- Color of berry skin: Green
- Species: Vitis vinifera
- Also called: Meresnik
- Origin: Albania
- Notable wines: Mereshnik wine
- Breeding institute: IKPFV
- Formation of seeds: Seeded
- VIVC number: 26426

= Mereshnik =

Albanian grape variety

Mereshnik (also spelled Meresnik) is a rare white grape cultivar traditionally grown in Albania. It is primarily used as a table grape and belongs to the group of aromatic, Muscat-type varieties. The grape is distinguished by its pronounced fragrance, often described as musky or perfumed.

==Etymology==
The grape's name is associated with the obsolete Albanian word mereshnik, meaning “aroma” or “fragrance”, which derives from meresh, a term referring to scent or smell.

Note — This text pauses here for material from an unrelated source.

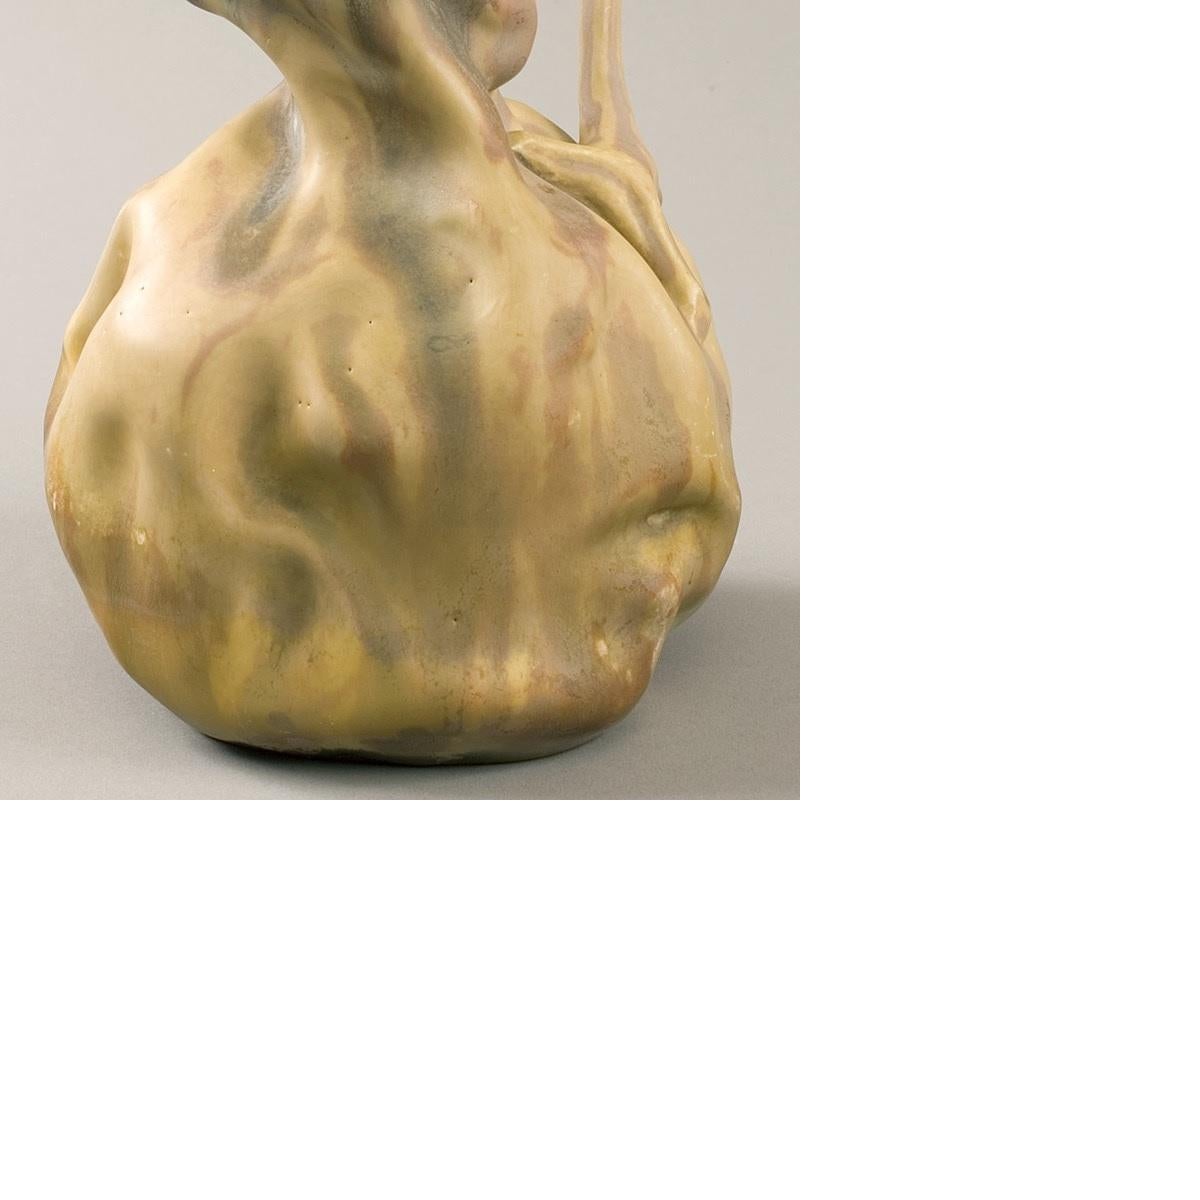 Bussière French Art Nouveau Ceramic “Colocynth” Vase 1

Meresh has also been linked to South Slavic languages, including Bulgarian miriz and miris ("smell, scent") and Croatian miris ("fragrance, scent; perfume"). These words have further been traced to the Greek μύρισα (mýrisa), the aorist of μυρίζω (myrízo), "to smell".

Seemingly, the name may have originated as a descriptive reference to the cultivar's strongly aromatic, Muscat-like character.

==Ampelography==
Mereshnik is a white-berried cultivar classified as a table grape and forms part of the grapevine collection preserved at the Albanian Fruit Science Institute (IKPFV) in Vlorë.